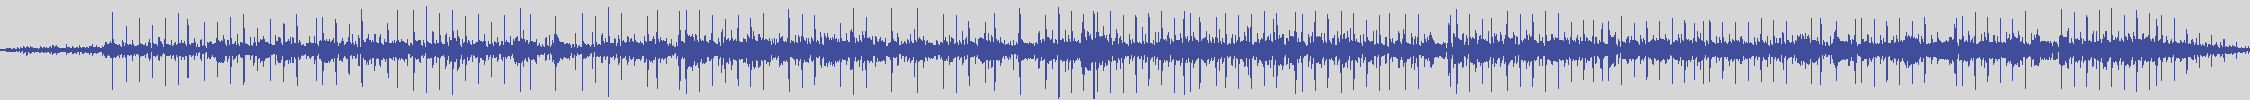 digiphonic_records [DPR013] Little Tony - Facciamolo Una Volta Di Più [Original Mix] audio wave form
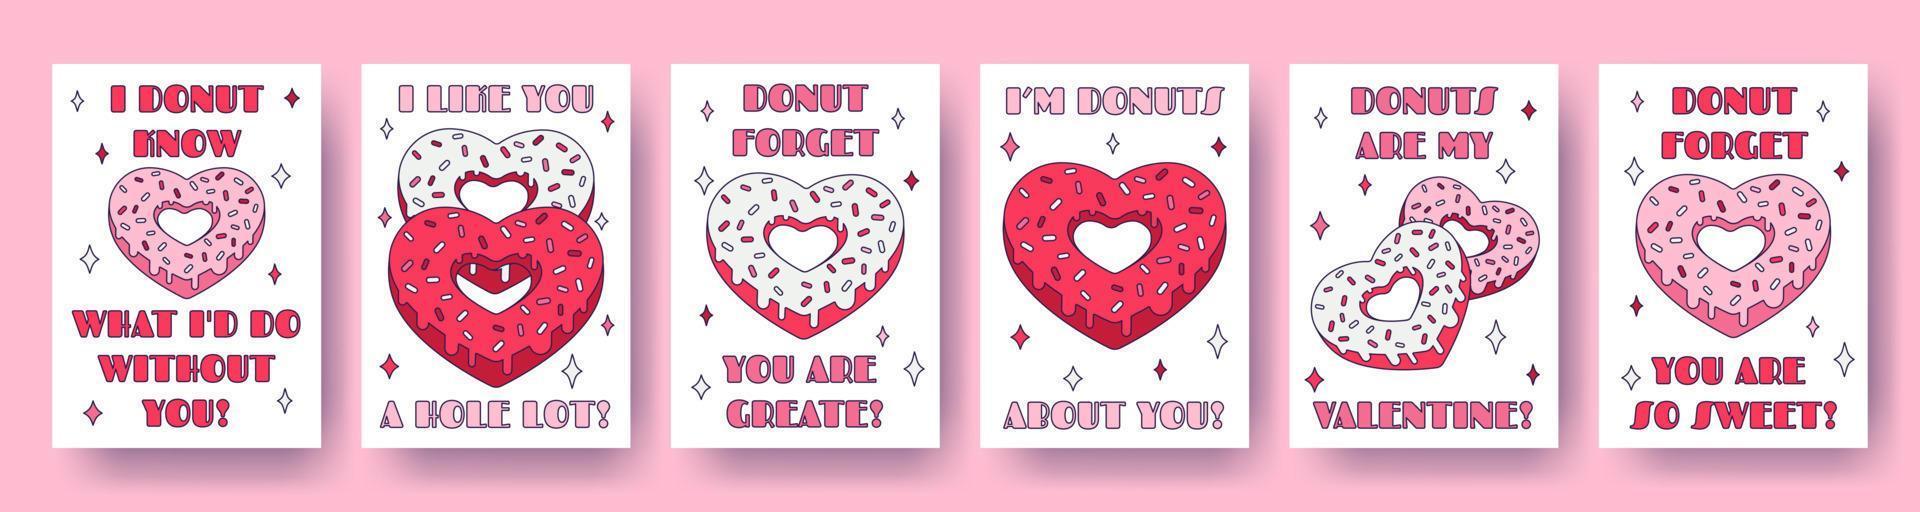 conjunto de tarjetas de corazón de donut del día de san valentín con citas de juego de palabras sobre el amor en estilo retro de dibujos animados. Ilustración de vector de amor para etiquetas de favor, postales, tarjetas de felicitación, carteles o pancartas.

▬▬▬▬▬▬

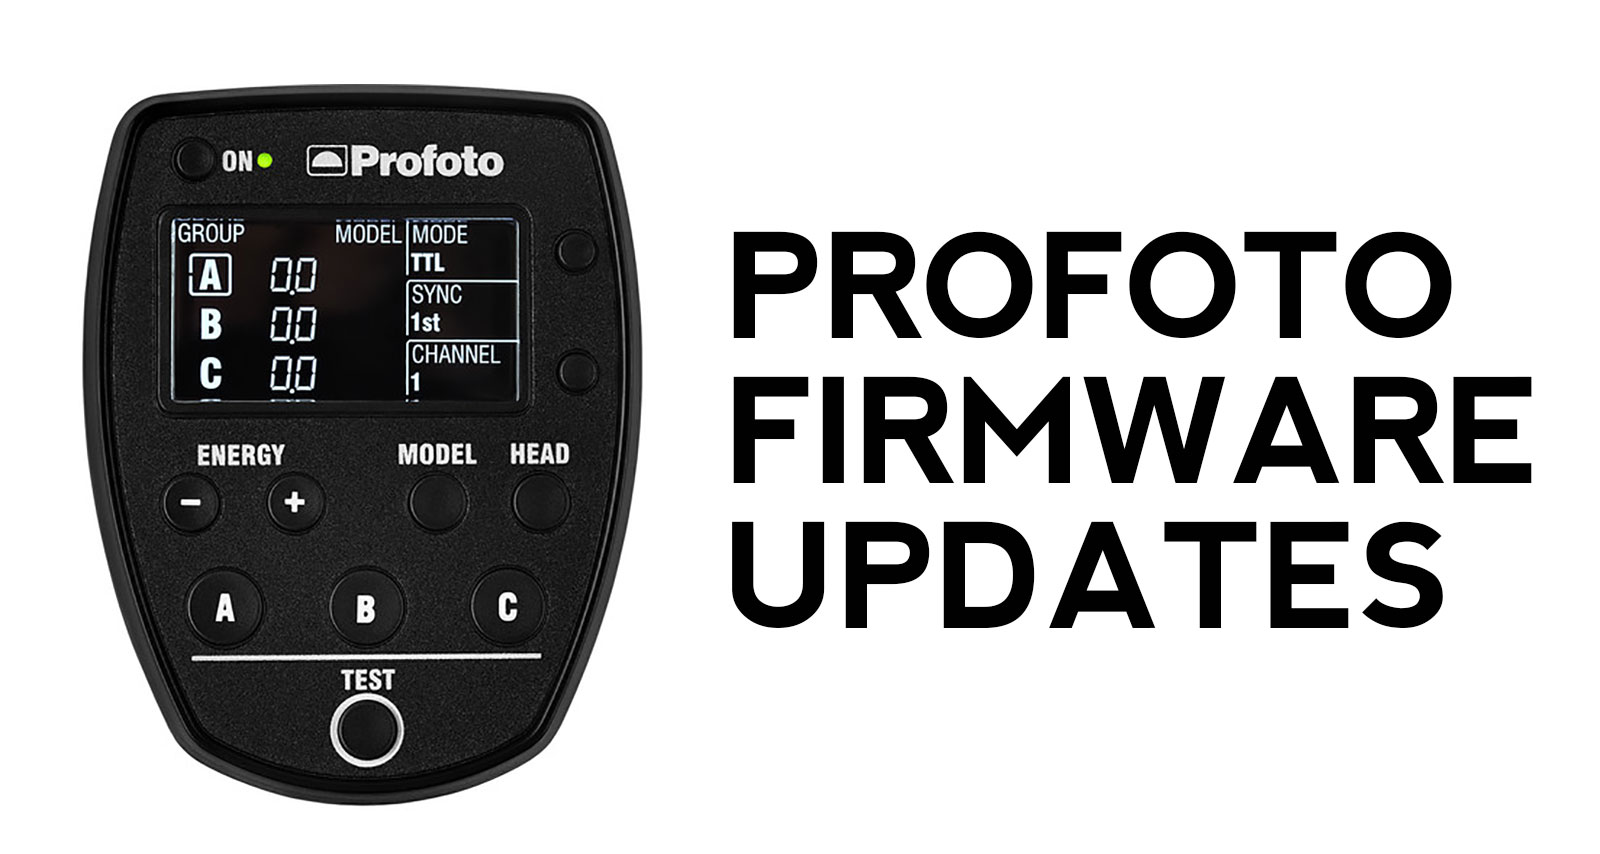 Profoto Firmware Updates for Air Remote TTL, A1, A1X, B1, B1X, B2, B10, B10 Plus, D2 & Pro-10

▬▬▬▬▬▬

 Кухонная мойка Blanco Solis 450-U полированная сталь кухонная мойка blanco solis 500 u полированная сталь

▬▬▬▬▬▬

◆ **TASK INSTRUCTIONS**: Output should consist of the lines above from the one with "digiphonic_records [DPR013] Little" down to the one with "conjunto de tarjetas", exact and without pictures.

◆ **ANSWER BOX**:
 digiphonic_records [DPR013] Little Tony - Facciamolo Una Volta Di Più [Original Mix] audio wave form
 conjunto de tarjetas de corazón de donut del día de san valentín con citas de juego de palabras sobre el amor en estilo retro de dibujos animados. Ilustración de vector de amor para etiquetas de favor, postales, tarjetas de felicitación, carteles o pancartas.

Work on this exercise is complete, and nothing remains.